Being able to define lists of categories in a separate data resource has a number of advantages:

- In case of a large number of categories it is often easier to maintain these in files, such as CSV files. This also keeps the `datapackage.json` file compact and readable for humans.

- The data set in the category table resource can store additional information besides the 'value' and 'label'. For example, the categories could have descriptions or the categories could form a hierarchy.

- It is also possible to store additional meta data in the category table resource. For example, it is possible to indicate the source, license, version and owner of the data resource.
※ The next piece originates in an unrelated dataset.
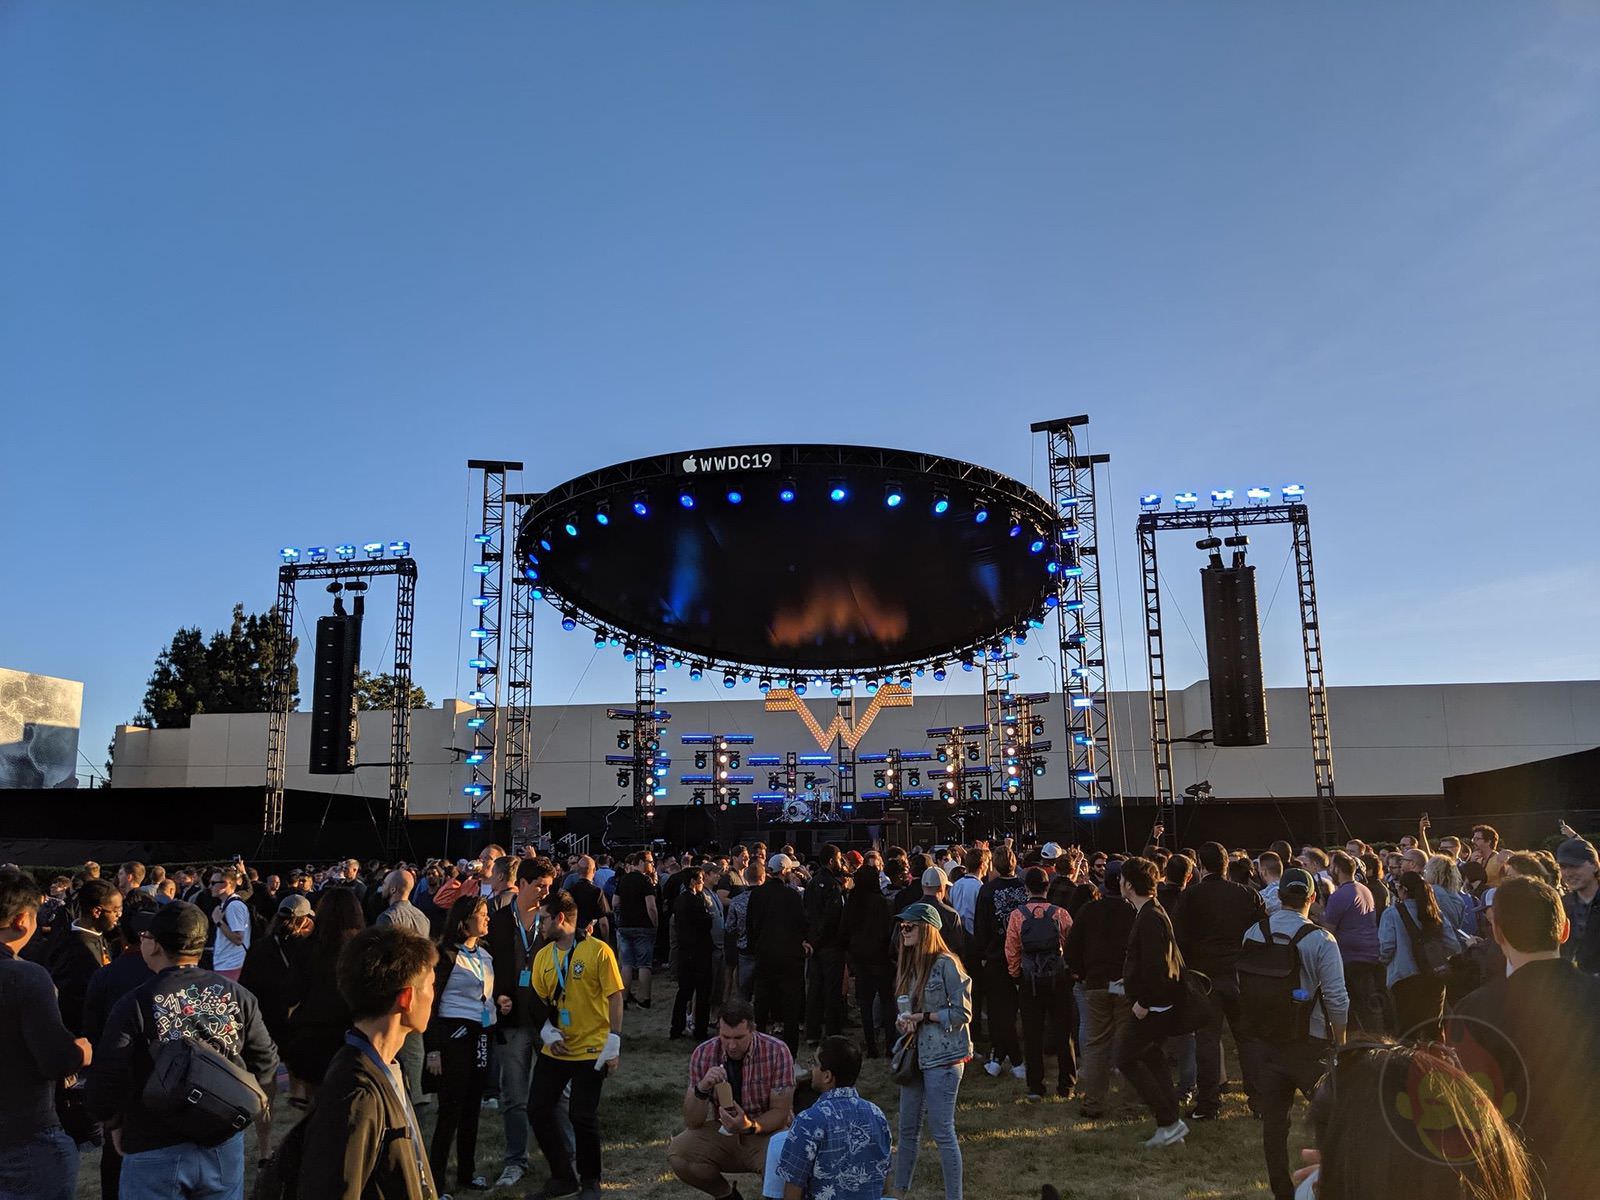 Weezer-plays-at-WWDC19-Afterparty-06.jpg

This is important for many 'official' categories lists where there can be many similar versions maintained by different organisations.

- When different fields use the same categories they can all refer to the same category table resource. First, this allows to reuse of the categories. Second, by referring to the same data resource, the field descriptors can indicate that the categories are comparable between fields.

- It is possible to refer to category table resources in other data packages. This makes it, for example, possible to create centrally maintained repositories of categories.